After I finish the glass, I order another one and after a while I just order stronger drinks. I find myself staring at a man who is sitting on his own few seats away from me, I stand up and I suddenly feel very wobbly, I let out a drunken giggle and the mystery man turns his head to look at me and my breath is taken.

His brown almost black eyes are wide and his pale pink lips are slightly open, I feel my stomach tightening and the familiar feeling coming back again but not towards Christian. I never knew I could feel this way towards someone that isn't him and now I feel a similar connection to another man and I almost hooray, that I'm not broken and that Christian didn't break me.

The man stands up and walks towards me, "You should sit down." He tells me with a heavy accent and I smile to him, a seductive smile I hope.

"And I think you should sit down with me." I say and blush slightly, his cologne smells like sex, like hard midnight sex.

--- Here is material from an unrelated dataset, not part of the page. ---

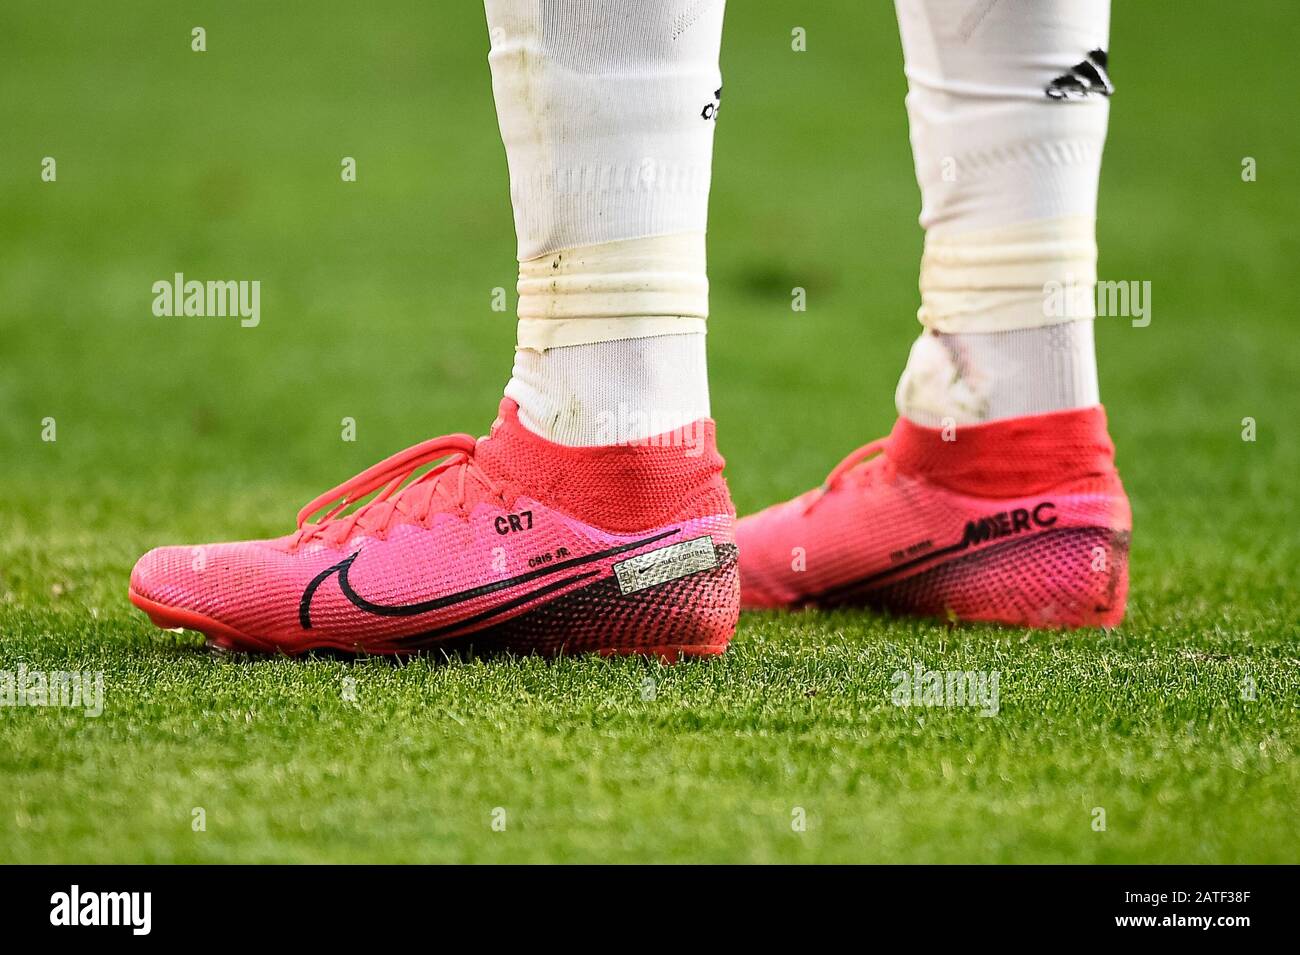 Torino, Italia - 02 Febbraio, 2020: Le scarpe da calcio Nike Mercurial  Superfly, indossate da Cristiano Ronaldo della Juventus FC, sono  raffigurate durante la serie A della partita di calcio tra Juventus
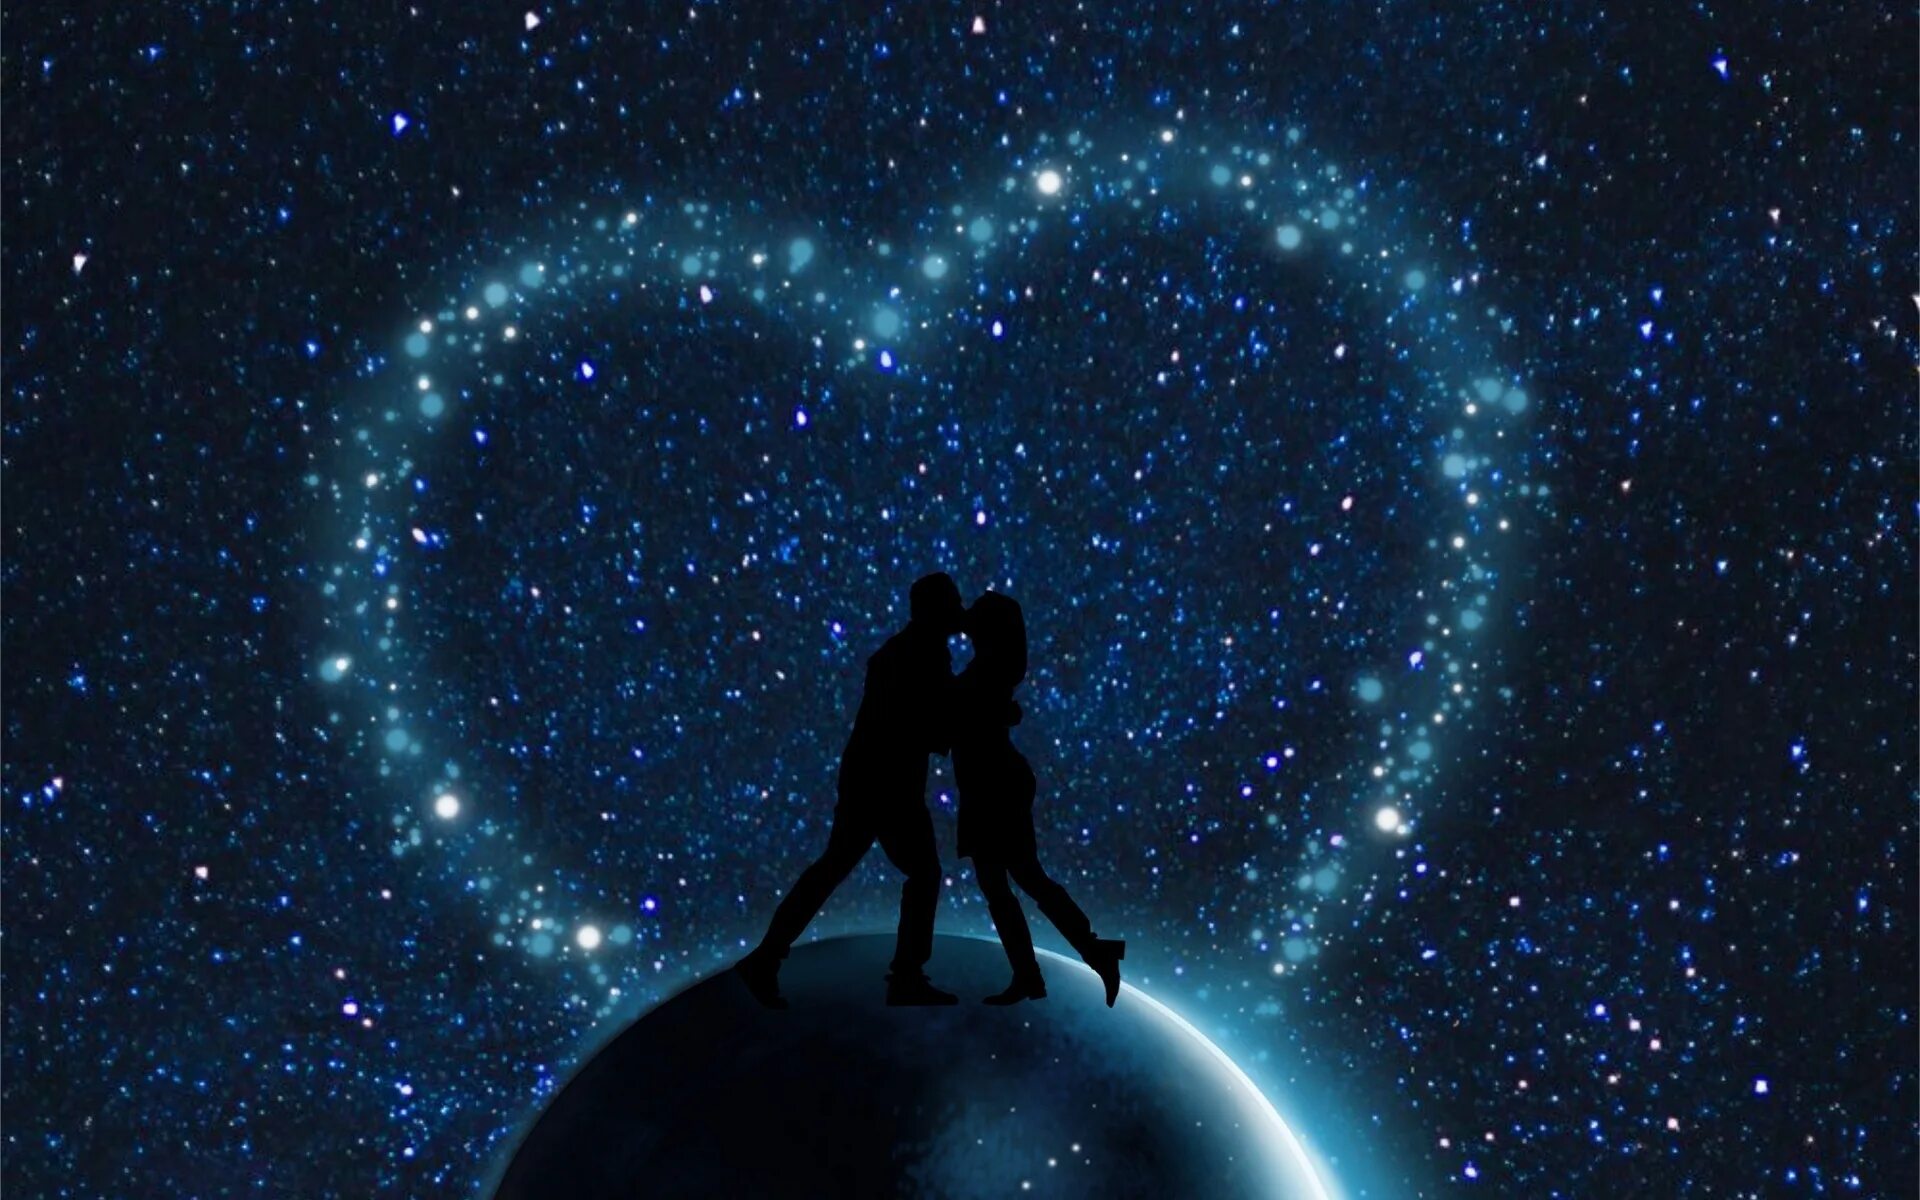 Затерявшая в звездах. Двое под звездами. Космос любовь. Пара на фоне звездного неба. Вселенная и любовь.

"I sure will, miss?" He sits down after sitting me down on the stool, his hands are strong and I wonder other things that they can do to me.

"Miss Steele." I let out my voice as a breath, "Ana Steele."

"Nice to meet you Ana, Elijah Varriano." He tells me, his voice sounds like sex and he gives me his hand to shake. His hand is twice bigger than mine but it still fits perfectly as he shakes it and surprisingly kisses it too and I just can't hide my smile, maybe things won't be too bad from now on.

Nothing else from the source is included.